Certainly, students throughout Pennsylvania and our country are falling behind in the classroom. The disruption to classrooms caused by the pandemic exacerbated this, but this is no new problem. At the end of a school year where we found more students falling behind than ever before, it is well past time that we change the way we view schooling. We owe it to parents and children to give them the freedom and opportunity to seek a proper education for each student’s individual and unique learning needs.

Approximately 78 percent of school-age children currently attend school in their own district. A poll conducted by the Commonwealth Foundation showed that if given the choice and money was not a limiting factor, 43 percent of Pennsylvanian parents would send their children to private school. Another 10 percent would send them to a charter school, while 6 percent would choose to homeschool. Only 41 percent would send them to their assigned school in their home district. Think about that—a majority of parents aren’t satisfied with our current school system.

Let’s face reality: The one size fits all model has failed our students. Pennsylvania spends more than the national average per student, yet our schools are ranked 37th in the nation. As a commonwealth, we’ve continued to throw money at a failing system and hope for change. Sensible people know, when you spend more money than the average, you expect better than average results. Sadly, that’s not what we see here. Instead of repeating the cycle, what if we broke the mold and became an innovator in education?

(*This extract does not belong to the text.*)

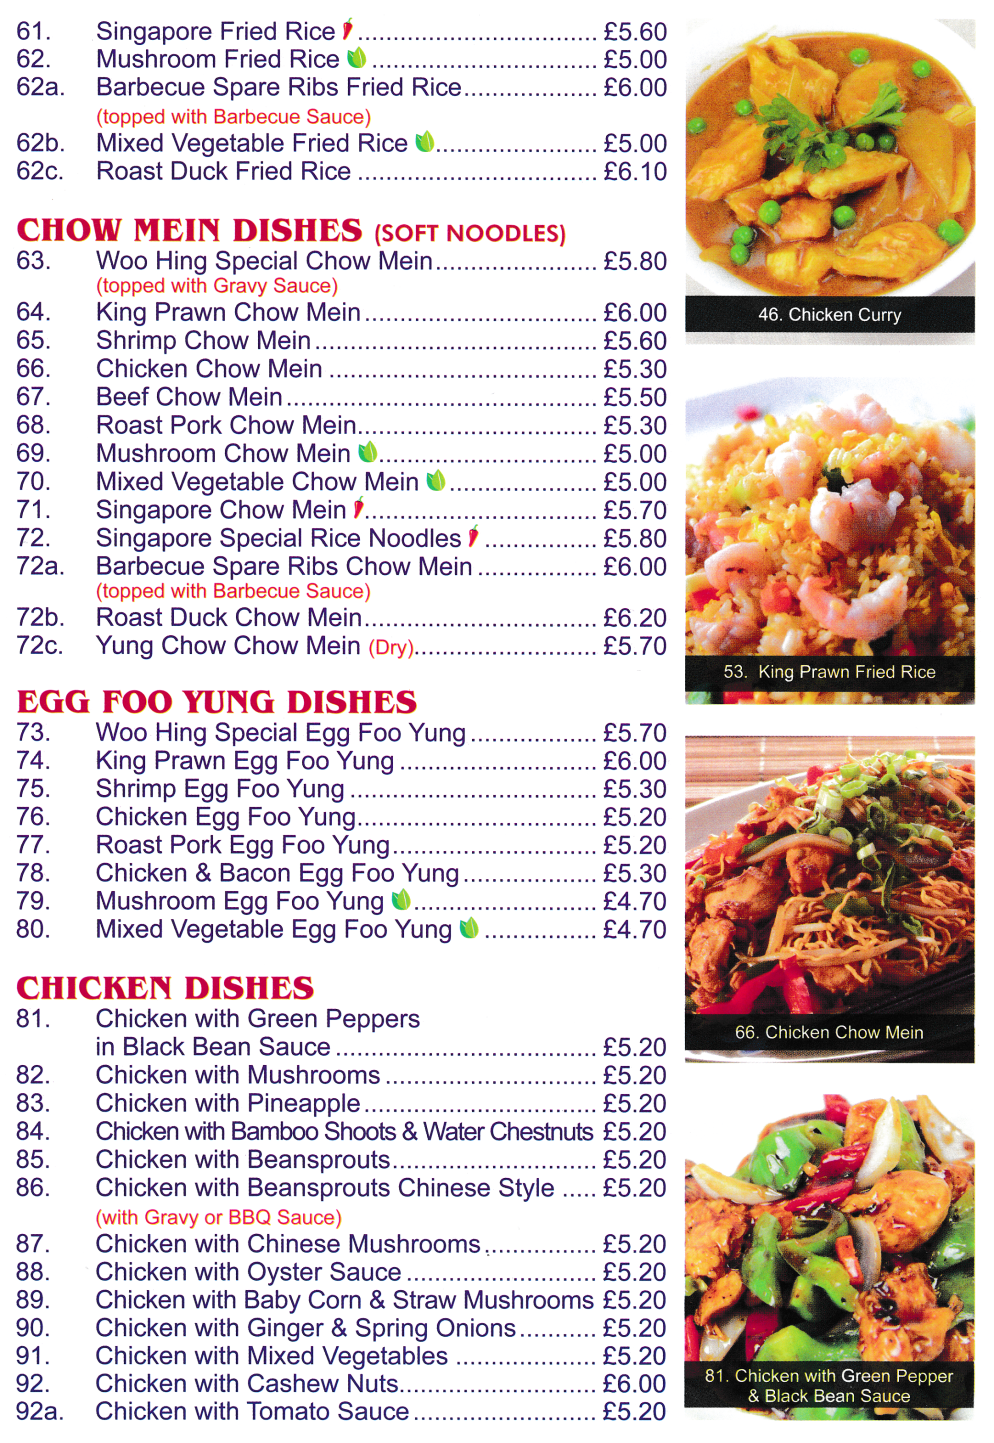 Menu for Woo Hing Chinese takeaway (Chop Suey, Fried Rice, Egg Foo Yung, Oyster Sauce, Satay Sauce dishes..)

Pennsylvania is the home of many incredible innovators—our commonwealth and indeed our nation was built by great minds like Benjamin Franklin and Thomas Paine. The documents that serve as the cornerstones of our democracy were written here. We have been at the forefront of change and innovation since our nation’s birth. We have the opportunity to do so yet again with education—the civil rights issue of our time.

As Americans, we know better than others that competition drives innovation. It’s the cornerstone of our economy that has built us into one of the greatest systems. For too long, our school system has operated in a manner that placates unions and is specifically inhibitive of competition. Introducing a competitive factor to how we fund education has the potential to be a major catalyst for change. As your senator, it’s my hope to work toward that change.

Last year, Sens. Tim Scott (R-SC) and Lamar Alexander (R-TN) introduced the School Choice Now Act.  The legislation, if passed, among other things would:

  • Allow parents to choose the academic instruction that works best for their child.
  • Provide funding for scholarship-granting organizations throughout the state.
  • Prohibit federal control of education to ensure that all education providers may be able to participate without fear of federal control.
  • Allow states to create their own tax credit scholarship program that works for the unique needs of students in their state.

This act reimagines the education sector as a competitive place where schools are driven to perform at a higher level and compete for tax dollar funding, as opposed to being guaranteed a certain amount based on the overall enrollment. Private schools that often do better at a lower overhead cost would have the ability to expand and present every student with an opportunity for a better education that is not limited in scope or quality by their zip code.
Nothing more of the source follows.